Figure 3: A typical GUI used in our system.

It uses a query management system distributed among the PDA, Stargate and the sensor devices. The interface graphically presents requested data for clear consumption by the user. An LCD interface board was also designed for the MicaZ for wearable applications. It presents sensor readings, reminders and queries, and can accept rudimentary input from the wearer. A final GUI, from a direct medical application based on motion sensors, exists to study the behavioral profile of the user’s sleep/wake patterns and life habits, and to detect some pathologies in the early stages. Figure 4 depicts some devices used in our system.

sensor-networks-data-communications-Some-devices-used

Figure 4: Some devices that has been used in our system.

Results

Validation of the system as a whole requires several complementary efforts. These include calculation of correct sampling of the signal, and assessment of system performance in real-world settings. The system is single hop, as the radio range covers all of the facility. A multi-hop protocol will be necessary for access of multiple floors, or if transmission power is reduced (we consider multi-hop routing algorithm in our next research). Data communication is bi-directional between the motes and the Stargate. Time-stamping is done by the PC when motion events are received.

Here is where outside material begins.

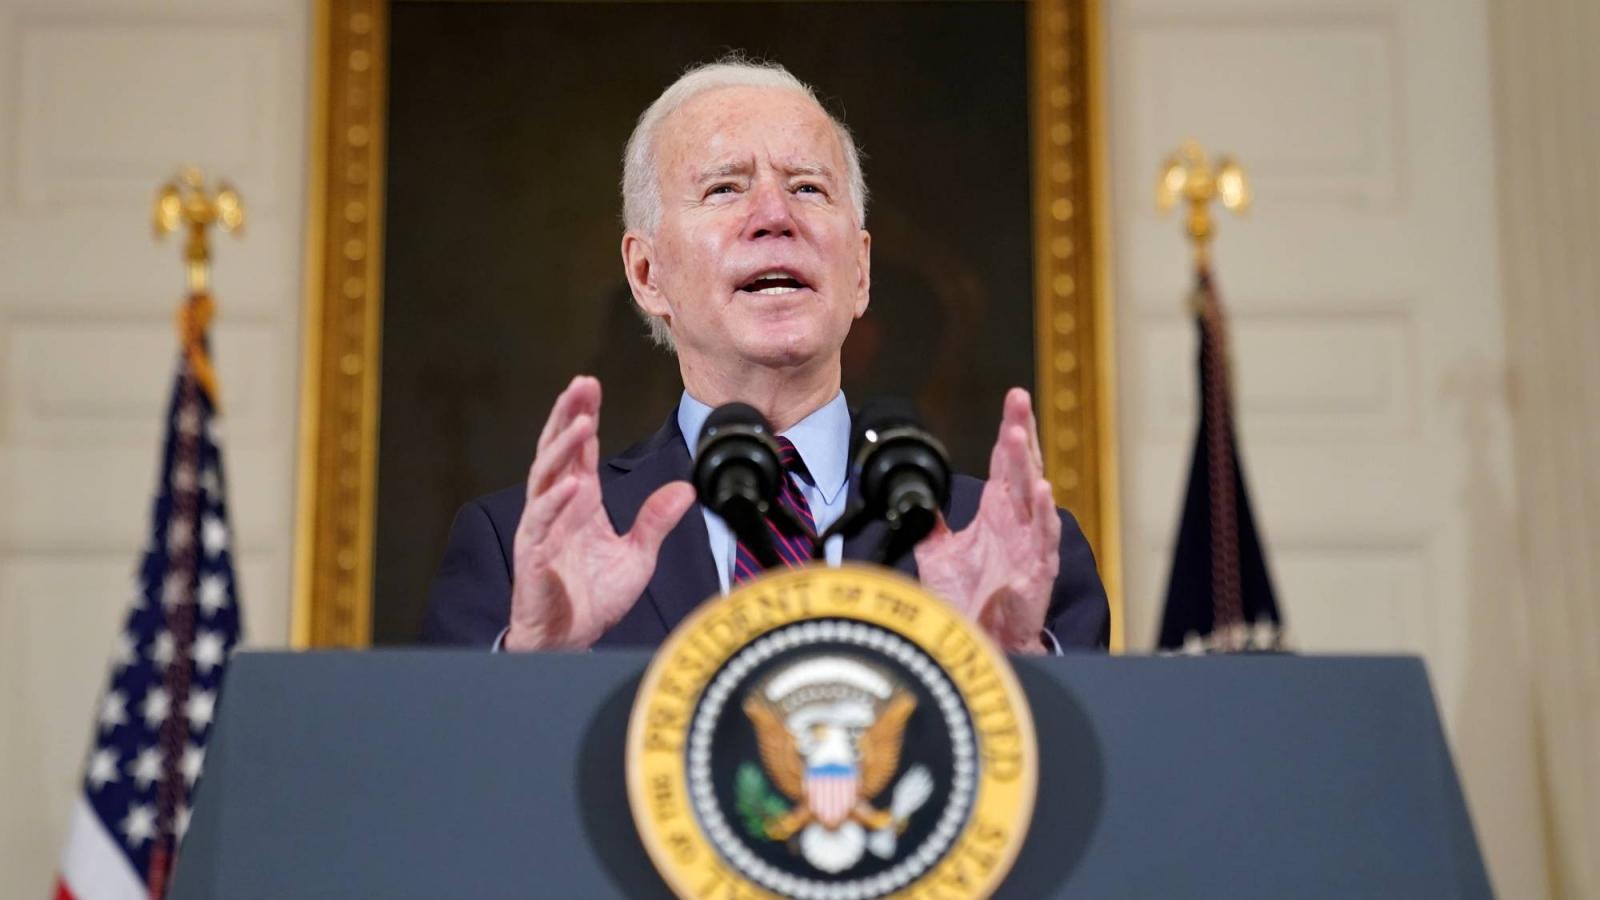 Hồ sơ hạt nhân Iran: Tổng thống Biden đứng trước sức ép phải dỡ bỏ trừng phạt

A first experiment based on eight MicaZ motes, programmed to send motion events over the network containing the location of the user, was performed with no activity in the lab for five days. We observed no false detections in the system under these conditions. However, this experiment showed the necessity of enhancing the power management scheme to prolong the lifetime of the sensors. In another experiment, the supervision program located at the control station correctly displays the location of a mobile resident by polling the MySQL database for motion events.

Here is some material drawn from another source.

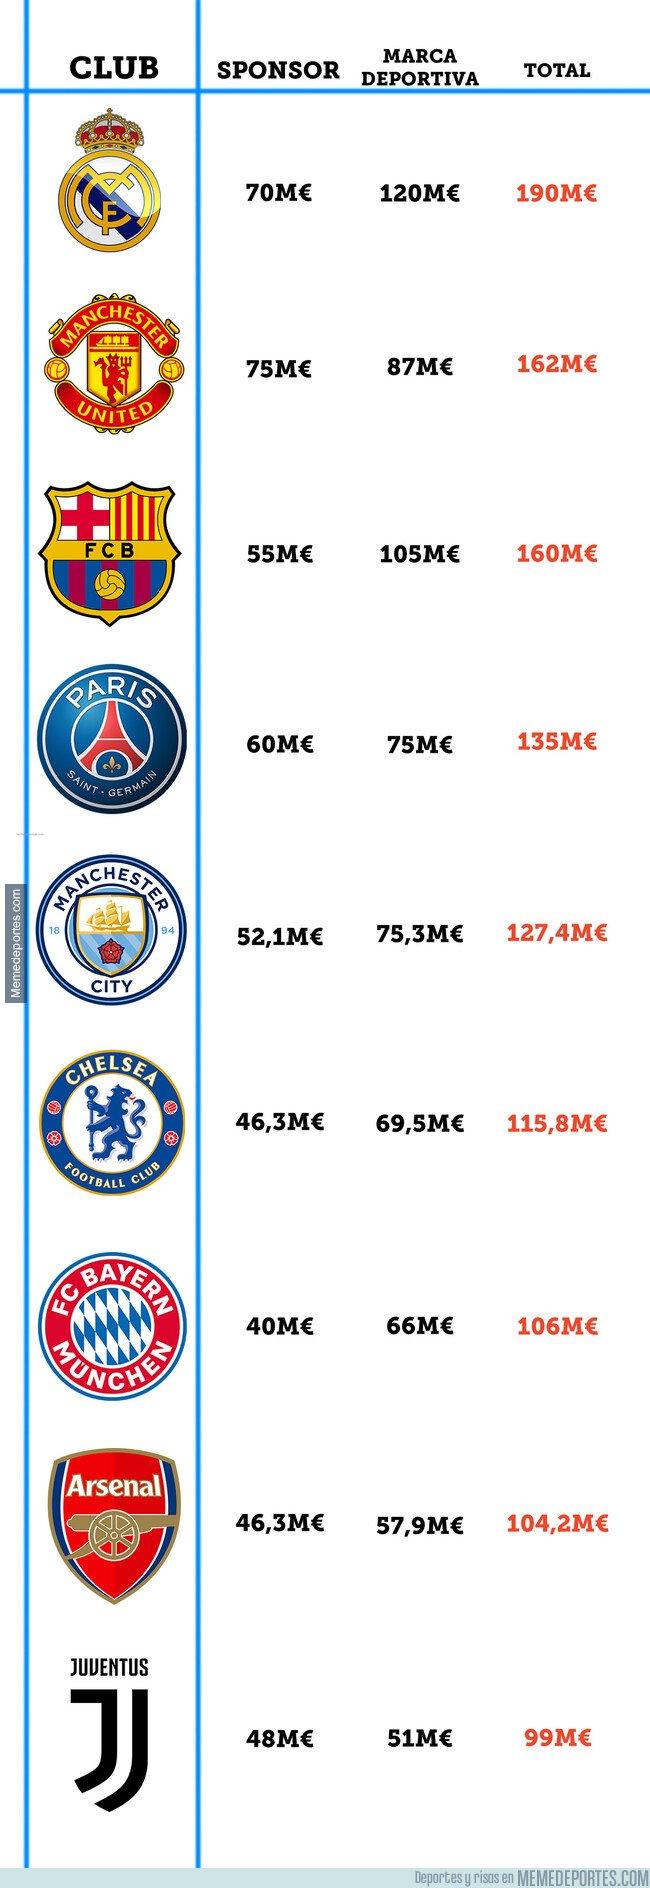 1089283 - Este es el TOP 10 de camisetas más valiosas de equipos de fútbol

A ten days experiment showed a robust system with some straight forward communications from front to backend of the system. We hope our system will greatly enhance quality of life, health, and security for those in assisted-living communities.

Discussion

Data association is a way to know "who is doing what?" in a system without biometric identification and with multiple actors present, such as an assisted-living community. It permits us to recognize the right person among others when he is responsible for a triggered event. This is indispensable for avoiding medical errors in the future and properly attributing diagnostics. Consequently, dedicated sensors and data association algorithms must be developed to increase quality of data.

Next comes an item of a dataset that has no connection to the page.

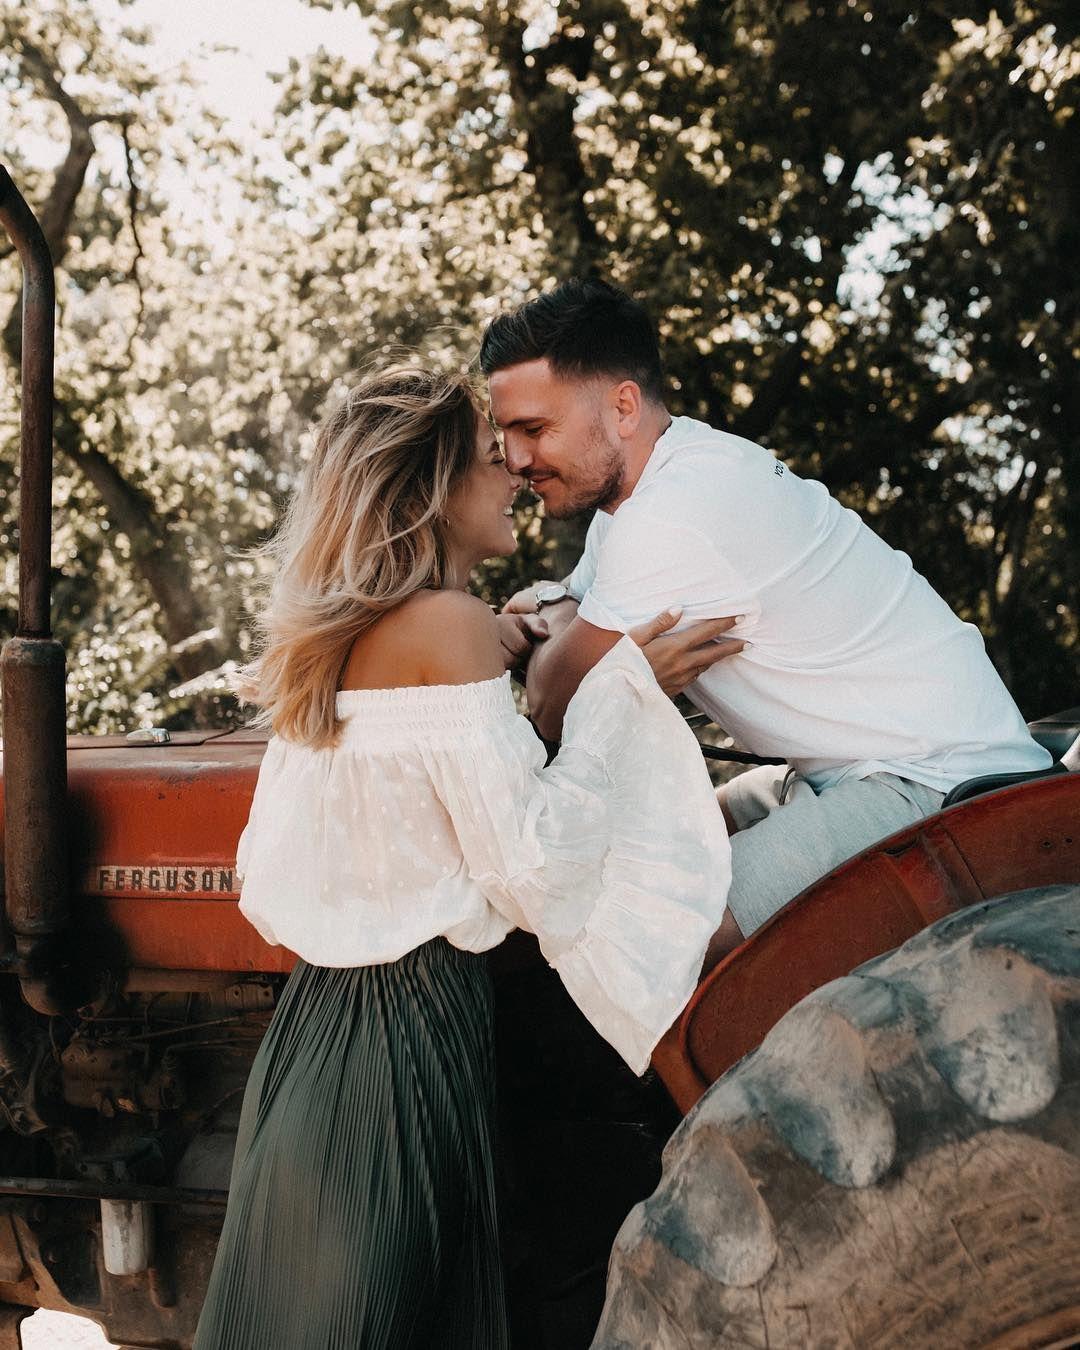 Fashion Lifestyle Travel On Instagram Bauer Sucht Frau Knopf Und Ich Haben Heute Endlich Unsere Eheringe Geplant Wir Haben Uns Den Ringtausch

When the data association mechanisms are not sufficient, or integrity is considered critically important, some functionalities of the system can be disabled this preserves only the data which can claim a high degree of confidence. In an environment where false alarms cannot be tolerated, there is a tradeoff between accuracy and availability.

The system is monitoring and collecting patient data that is subject to privacy policies. For example, the patient may decide not to reveal the monitored data of certain sensors until it is vital to determine a diagnosis and therefore authorized by the patient at the time of a visit to a doctor. Security and privacy mechanisms must be throughout the system.